■ What you have to do: Images are to be excluded, and the rest of the data repeated exactly.

■ Data below:
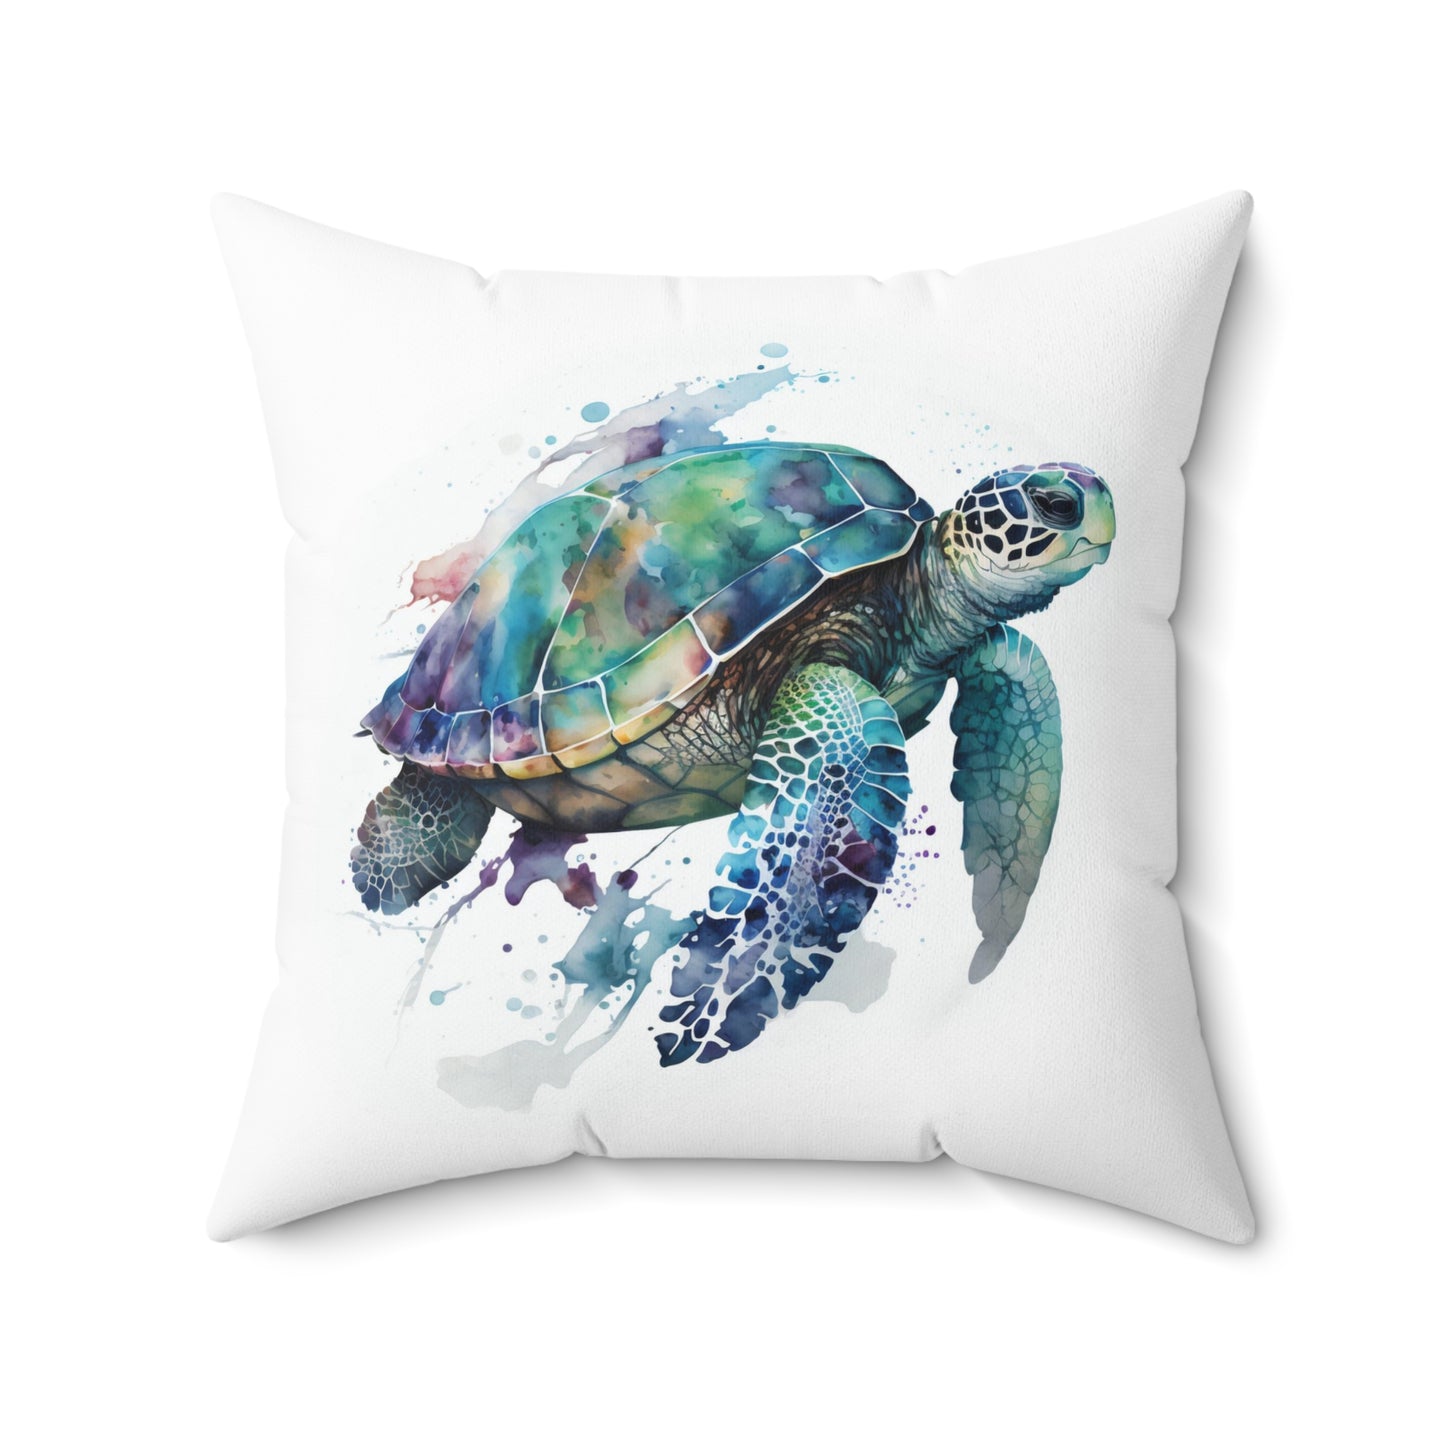 Sea Turtle Throw Pillow, Watercolor Sea Turtle Decorative Pillow, Square Animal Cushion, Double Sided Blue Accent Pillow, Concealed Zipper
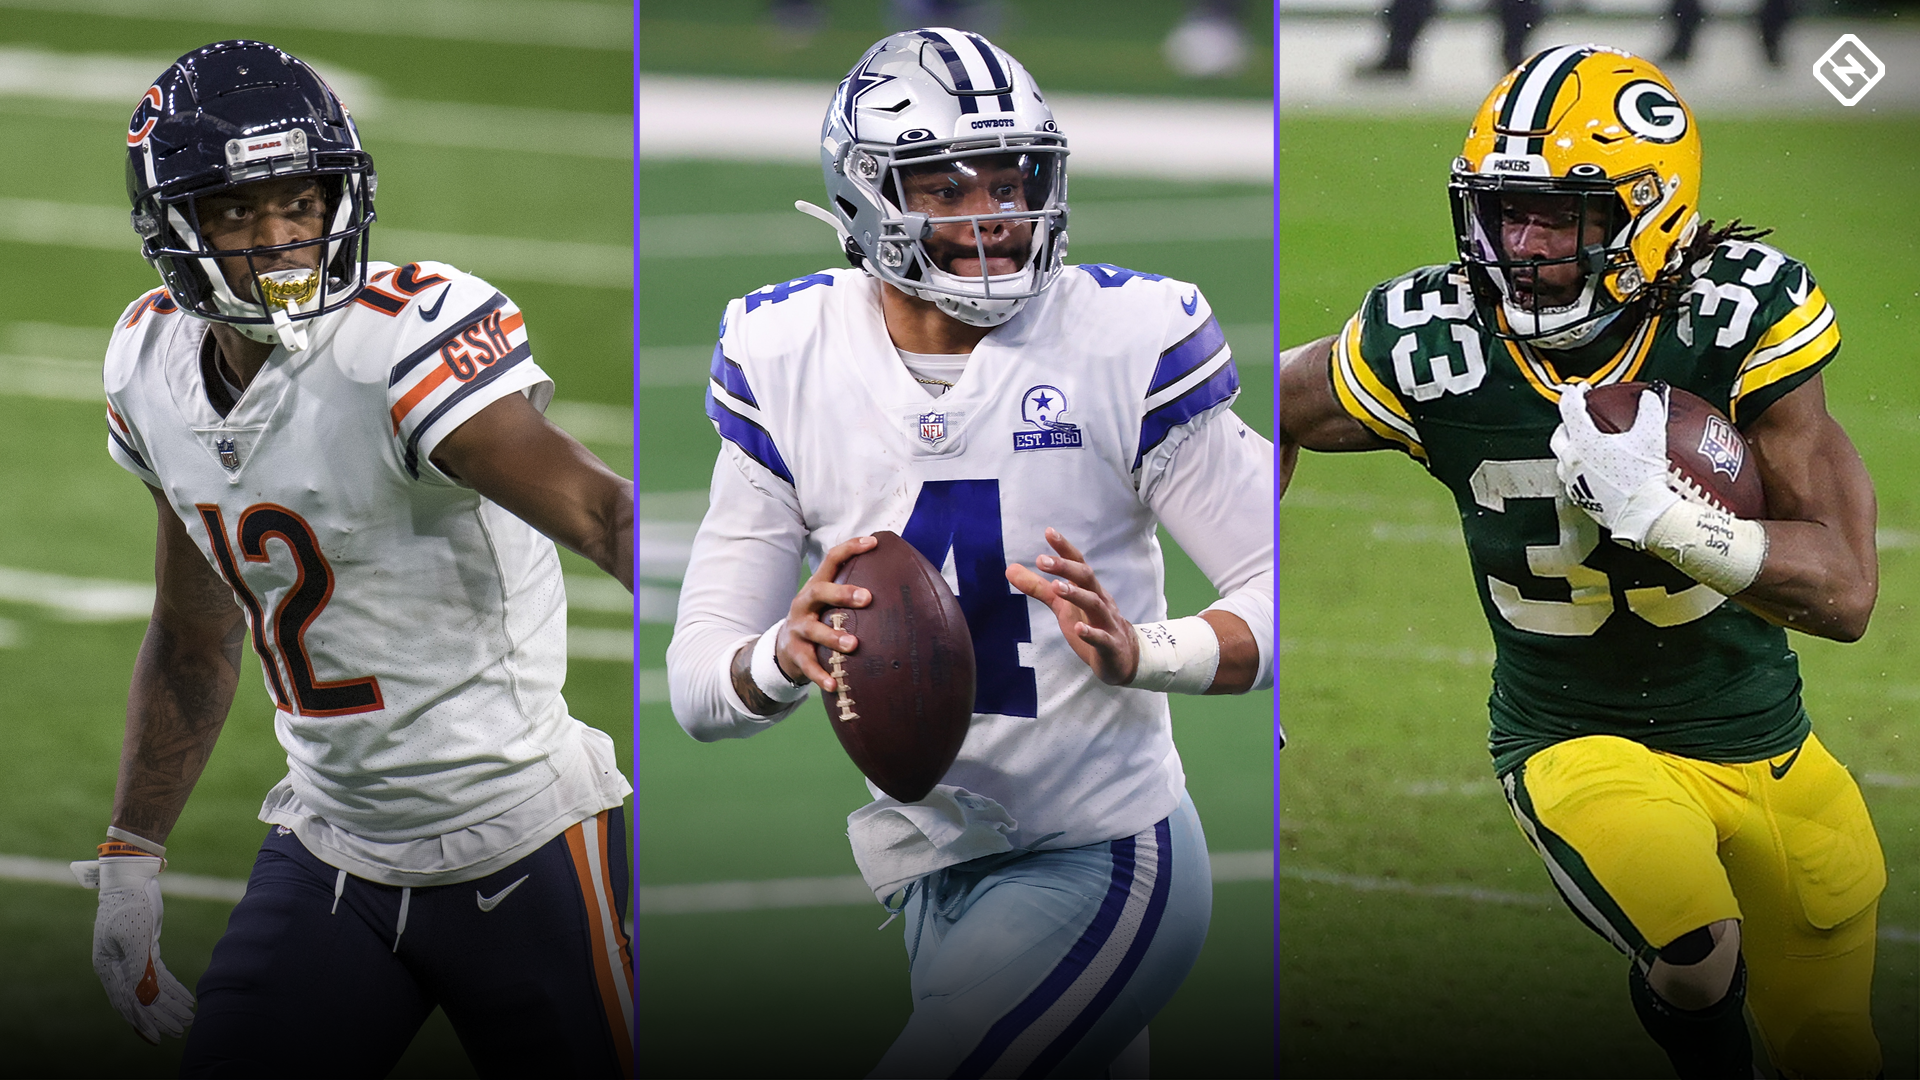 Top 10 NFL Best Players for 2021
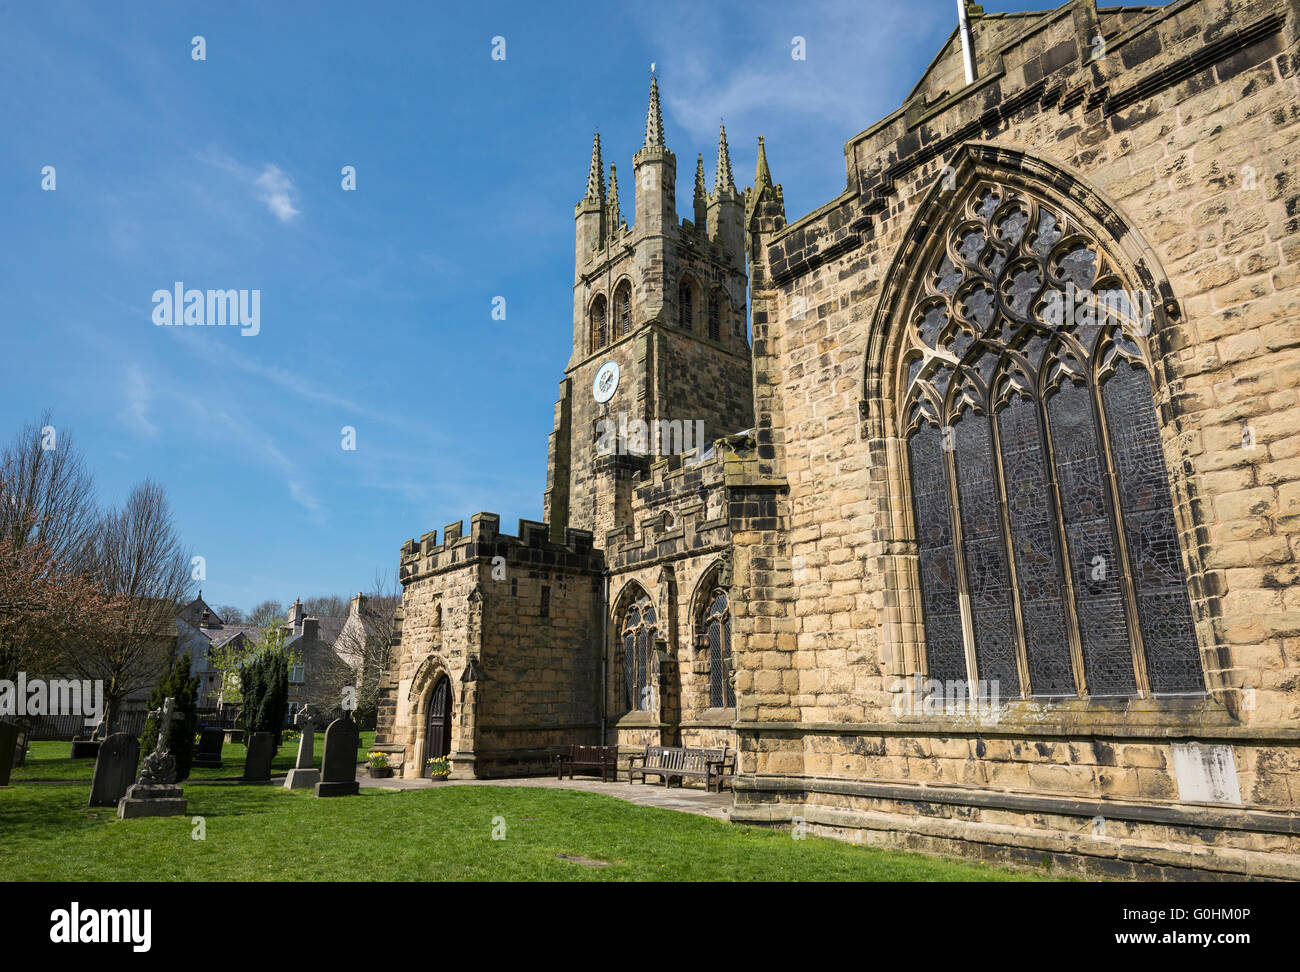 Tideswell church (Cathedral of the Peak) in Derbyshire. A sunny spring day. Stock Photo

■ Result of this exercise:
 Sea Turtle Throw Pillow, Watercolor Sea Turtle Decorative Pillow, Square Animal Cushion, Double Sided Blue Accent Pillow, Concealed Zipper
 Top 10 NFL Best Players for 2021
 Tideswell church (Cathedral of the Peak) in Derbyshire. A sunny spring day. Stock Photo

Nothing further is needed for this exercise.